### Work to complete
Output exactly the span of lines beginning with the one that holds "Drzewa nasadzone wzdłuż drogi" and ending with the last line of the data below.

[Records from a collection]
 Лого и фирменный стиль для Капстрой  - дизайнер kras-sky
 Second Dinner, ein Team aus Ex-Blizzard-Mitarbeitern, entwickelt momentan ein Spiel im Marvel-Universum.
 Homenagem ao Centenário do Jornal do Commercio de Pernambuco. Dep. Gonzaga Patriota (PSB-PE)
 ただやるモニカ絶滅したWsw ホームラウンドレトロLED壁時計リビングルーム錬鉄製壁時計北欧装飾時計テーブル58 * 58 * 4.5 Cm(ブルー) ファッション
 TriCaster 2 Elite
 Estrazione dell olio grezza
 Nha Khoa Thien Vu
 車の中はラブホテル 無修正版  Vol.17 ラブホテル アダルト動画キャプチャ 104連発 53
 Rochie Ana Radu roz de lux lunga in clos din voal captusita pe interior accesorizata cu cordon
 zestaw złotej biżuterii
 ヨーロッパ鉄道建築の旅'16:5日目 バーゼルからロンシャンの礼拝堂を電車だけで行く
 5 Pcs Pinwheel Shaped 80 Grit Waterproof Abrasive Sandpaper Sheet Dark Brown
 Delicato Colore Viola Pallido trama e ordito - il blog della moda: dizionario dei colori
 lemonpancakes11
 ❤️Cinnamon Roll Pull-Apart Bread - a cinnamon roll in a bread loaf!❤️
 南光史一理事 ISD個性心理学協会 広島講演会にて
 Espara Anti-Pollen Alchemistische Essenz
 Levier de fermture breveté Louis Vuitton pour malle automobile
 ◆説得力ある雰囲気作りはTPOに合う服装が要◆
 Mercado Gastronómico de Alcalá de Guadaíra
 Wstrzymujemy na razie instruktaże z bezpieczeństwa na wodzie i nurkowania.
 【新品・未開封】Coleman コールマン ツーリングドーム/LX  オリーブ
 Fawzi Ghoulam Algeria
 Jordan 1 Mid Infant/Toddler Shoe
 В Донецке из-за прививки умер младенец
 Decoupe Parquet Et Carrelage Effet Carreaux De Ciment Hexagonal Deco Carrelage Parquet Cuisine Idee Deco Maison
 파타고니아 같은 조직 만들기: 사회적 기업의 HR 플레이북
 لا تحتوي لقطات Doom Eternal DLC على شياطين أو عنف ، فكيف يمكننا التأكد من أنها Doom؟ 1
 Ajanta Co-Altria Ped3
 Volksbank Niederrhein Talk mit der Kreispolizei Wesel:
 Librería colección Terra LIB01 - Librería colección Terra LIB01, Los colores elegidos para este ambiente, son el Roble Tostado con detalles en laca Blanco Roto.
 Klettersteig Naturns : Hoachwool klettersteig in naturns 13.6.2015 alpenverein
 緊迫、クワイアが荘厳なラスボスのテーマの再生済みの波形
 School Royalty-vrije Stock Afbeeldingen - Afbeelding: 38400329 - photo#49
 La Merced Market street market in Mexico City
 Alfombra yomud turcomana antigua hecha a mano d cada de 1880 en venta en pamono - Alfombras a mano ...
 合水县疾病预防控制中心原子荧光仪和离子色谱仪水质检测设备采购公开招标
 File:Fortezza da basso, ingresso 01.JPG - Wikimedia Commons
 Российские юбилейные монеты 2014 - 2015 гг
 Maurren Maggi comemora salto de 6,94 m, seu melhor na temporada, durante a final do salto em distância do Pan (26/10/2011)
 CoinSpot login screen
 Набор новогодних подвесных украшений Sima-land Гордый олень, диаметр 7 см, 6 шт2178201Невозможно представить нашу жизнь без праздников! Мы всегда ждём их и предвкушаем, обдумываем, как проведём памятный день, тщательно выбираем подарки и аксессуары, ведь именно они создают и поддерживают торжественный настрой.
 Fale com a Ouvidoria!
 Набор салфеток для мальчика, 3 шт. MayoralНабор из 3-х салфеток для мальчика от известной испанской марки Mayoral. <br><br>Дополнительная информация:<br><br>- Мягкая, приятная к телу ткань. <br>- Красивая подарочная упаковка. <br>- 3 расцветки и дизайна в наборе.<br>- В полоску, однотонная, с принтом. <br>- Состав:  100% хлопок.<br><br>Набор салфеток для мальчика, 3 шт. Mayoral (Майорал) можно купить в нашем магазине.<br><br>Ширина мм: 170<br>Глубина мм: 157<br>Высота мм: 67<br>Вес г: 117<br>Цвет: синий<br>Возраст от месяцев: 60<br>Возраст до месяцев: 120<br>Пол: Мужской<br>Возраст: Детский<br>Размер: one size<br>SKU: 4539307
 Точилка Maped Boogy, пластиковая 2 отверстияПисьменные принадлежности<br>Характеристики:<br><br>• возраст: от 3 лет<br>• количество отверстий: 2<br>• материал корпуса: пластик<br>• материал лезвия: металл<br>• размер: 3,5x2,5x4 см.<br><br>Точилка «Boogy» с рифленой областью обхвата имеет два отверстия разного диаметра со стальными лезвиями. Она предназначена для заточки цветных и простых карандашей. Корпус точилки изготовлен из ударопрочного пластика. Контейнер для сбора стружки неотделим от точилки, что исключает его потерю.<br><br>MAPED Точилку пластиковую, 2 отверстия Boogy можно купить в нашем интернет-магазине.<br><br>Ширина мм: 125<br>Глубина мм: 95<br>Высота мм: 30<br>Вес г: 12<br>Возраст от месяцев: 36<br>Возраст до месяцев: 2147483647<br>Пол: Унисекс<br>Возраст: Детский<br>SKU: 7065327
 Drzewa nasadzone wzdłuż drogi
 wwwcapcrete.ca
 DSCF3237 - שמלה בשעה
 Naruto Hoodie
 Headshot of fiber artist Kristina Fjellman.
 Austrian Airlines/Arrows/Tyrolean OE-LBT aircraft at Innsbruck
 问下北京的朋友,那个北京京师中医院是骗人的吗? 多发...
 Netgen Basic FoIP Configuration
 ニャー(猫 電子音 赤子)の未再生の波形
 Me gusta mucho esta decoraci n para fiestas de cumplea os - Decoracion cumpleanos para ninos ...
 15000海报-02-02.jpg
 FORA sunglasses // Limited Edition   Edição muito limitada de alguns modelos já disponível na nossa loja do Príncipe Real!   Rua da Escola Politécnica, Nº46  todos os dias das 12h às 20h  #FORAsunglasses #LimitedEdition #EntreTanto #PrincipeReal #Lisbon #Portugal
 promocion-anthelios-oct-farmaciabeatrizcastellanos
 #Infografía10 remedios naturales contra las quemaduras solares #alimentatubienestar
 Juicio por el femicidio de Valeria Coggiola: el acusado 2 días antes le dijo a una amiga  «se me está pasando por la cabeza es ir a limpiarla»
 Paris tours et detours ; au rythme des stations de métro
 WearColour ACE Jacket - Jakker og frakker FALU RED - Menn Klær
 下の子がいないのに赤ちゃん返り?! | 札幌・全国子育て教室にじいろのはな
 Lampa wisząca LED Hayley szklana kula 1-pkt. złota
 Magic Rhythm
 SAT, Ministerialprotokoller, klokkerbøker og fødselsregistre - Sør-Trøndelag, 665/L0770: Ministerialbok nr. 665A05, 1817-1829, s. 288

### Task result
 Drzewa nasadzone wzdłuż drogi
 wwwcapcrete.ca
 DSCF3237 - שמלה בשעה
 Naruto Hoodie
 Headshot of fiber artist Kristina Fjellman.
 Austrian Airlines/Arrows/Tyrolean OE-LBT aircraft at Innsbruck
 问下北京的朋友,那个北京京师中医院是骗人的吗? 多发...
 Netgen Basic FoIP Configuration
 ニャー(猫 電子音 赤子)の未再生の波形
 Me gusta mucho esta decoraci n para fiestas de cumplea os - Decoracion cumpleanos para ninos ...
 15000海报-02-02.jpg
 FORA sunglasses // Limited Edition   Edição muito limitada de alguns modelos já disponível na nossa loja do Príncipe Real!   Rua da Escola Politécnica, Nº46  todos os dias das 12h às 20h  #FORAsunglasses #LimitedEdition #EntreTanto #PrincipeReal #Lisbon #Portugal
 promocion-anthelios-oct-farmaciabeatrizcastellanos
 #Infografía10 remedios naturales contra las quemaduras solares #alimentatubienestar
 Juicio por el femicidio de Valeria Coggiola: el acusado 2 días antes le dijo a una amiga  «se me está pasando por la cabeza es ir a limpiarla»
 Paris tours et detours ; au rythme des stations de métro
 WearColour ACE Jacket - Jakker og frakker FALU RED - Menn Klær
 下の子がいないのに赤ちゃん返り?! | 札幌・全国子育て教室にじいろのはな
 Lampa wisząca LED Hayley szklana kula 1-pkt. złota
 Magic Rhythm
 SAT, Ministerialprotokoller, klokkerbøker og fødselsregistre - Sør-Trøndelag, 665/L0770: Ministerialbok nr. 665A05, 1817-1829, s. 288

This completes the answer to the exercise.